Morir en Mascate


Pablo Cingolani

La muerte del DJ sueco en Mascate, una ciudad de la península arábiga, capital del Sultanato de Omán, me trajo el recuerdo de Rimbaud y su fuga-odisea abisinia. De hecho, el DJ había renunciado a la música años atrás, lo mismo que había hecho el francés, antes de partir hacia el África: había renunciado a la poesía, al mundo donde la poesía –o la música electrónica- representaban algo, algo simbólico, un valor, un sentido, una vida en correspondencia, un destino.
Ese torcer el destino, o encontrarlo –así sea en medio de los más inverosímiles padecimientos que provoca el desarraigo forzado del mundo tal cual lo conocían (es el caso histórico de Arthur Rimbaud)- es lo que destaca en la noticia de la muerte de este muchacho sueco, al menos si tomamos nota del lugar de su partida: Mascate, Omán, Ormuz, la Arabia mítica de los jinetes del desierto, un territorio fértil a las imaginaciones devastadas de los occidentales, un Nuevo Mundo con todas las letras.
He leído en algún periódico digital que el nombre de guerra artístico del músico aludía al ámbito más horroroso de los infiernos según las creencias budistas. Que una estrella del mercado musical contemporáneo se haya rebautizado así es también un mensaje y, sin dudas, aporta coherencia al hecho de que sea Mascate, la capital omaní, el lugar donde haya encontrado un final para su vertiginosa vida.
Vida, éxito, fama, todo en entredicho: las semblanzas que leí lo pintan en un tour de forcé agobiante metido en los estudios o dando conciertos. Sus dichos aportan luz en la misma dirección. Todo era un reverendo desquicio donde el alcohol buscaba alumbrar la lucidez para no caer en la demencia que procuran las garras tenebrosas del “star system” y el mercado global del entretenimiento cultural. Supongo que haber muerto en Mascate aporta a esa vida un rasgo de autenticidad y hasta de heroísmo.

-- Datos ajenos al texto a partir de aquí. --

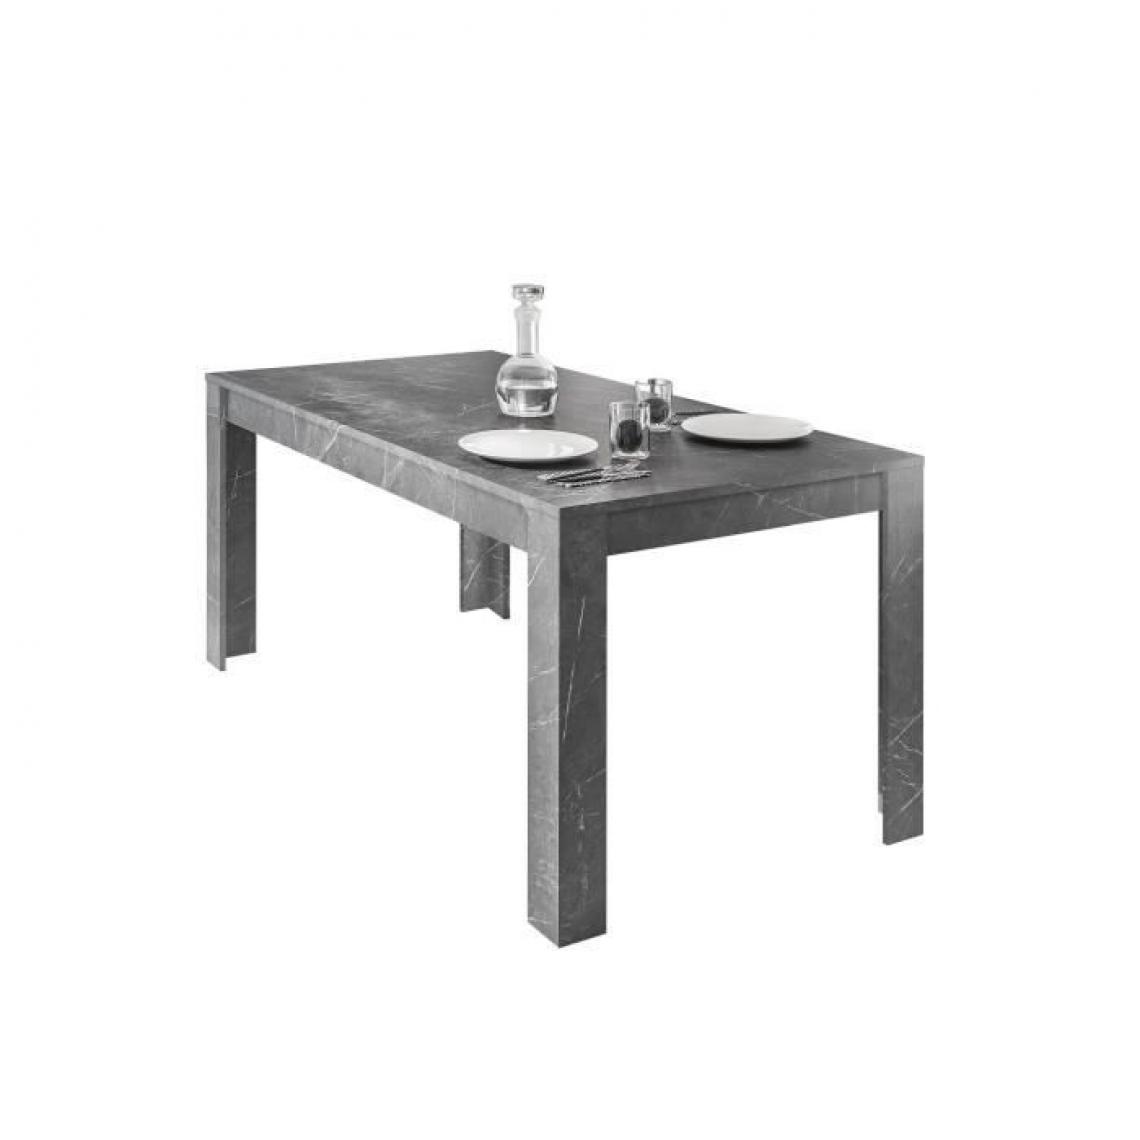 Cstore - CSTORE - table de salle à manger - 8 places - style contemporain - marmo - l 180xp 90xh 79 cm - Tables à manger

Musicalmente, yo viví la década de los 70, cuando ya el rock comenzaba a ser un mega negocio dentro de la esfera del mundo capitalista e incluso una bandera de lucha simbólica contra ese comunismo soviético que todavía existía. La primera tanda de suicidados por la sociedad –los Jimi Hendrix, los Jim Morrison, las Janis Joplin- estaba queriendo ser sepultada por los supergrupos de rock (sinfónico o duro), máquinas de sonido impecables pero donde la subversión contracultural se desviaba hacia el misticismo o la historia o la música por la música misma. Tal vez el secreto de la supervivencia de los Rolling Stones haya estado en haber seguido aportando una dosis suficiente de crítica social en sus canciones y no domesticarse sólo por el dinero –como hubiera dicho otro indomable, Frank Vincent Zappa.
Pero aún en los 70, hubo parias. Y anoto una: Patti Smith. Y la anoto porque era tremendo el amor que la gringa profesaba por Rimbaud –ella también, más allá y más acá de su música, una poeta demoledora. Y la anoto porque ella decía, esos años setentosos, que si Rimbaud viviera en ese tiempo usaría la guitarra eléctrica, usaría una  Fender, para expresarse y para gritarle al mundo su poesía. Era todo un mensaje de redención, de continuidad y renacimiento de la historia, la cultura y la rebeldía, era la magia que todavía podía conmovernos.
Ahora, en 2018, vuelvo a convocar a Rimbaud, el mismo Rimbaud oracular que la Smith convocaba, pero sólo para situar una tumba, oscura como son todas las tumbas, como diría Malcolm Lowry, otro maldito. ¿Habrá redención? En un mundo afónico, esta geografía de la muerte, este último destino omaní del DJ sueco, tal vez logré que esos dos o tres a lo Apollinaire, esos tres o cuatro a lo Ezra Pound, busquen en los mapas de Google donde es que queda eso, Omán, tan lejos de nosotros y, en este mundo acuciante, tan cerca de Siria, de Irak, de Irán o de Afganistán, el centro blando del orbe y donde hoy se define el futuro del planeta.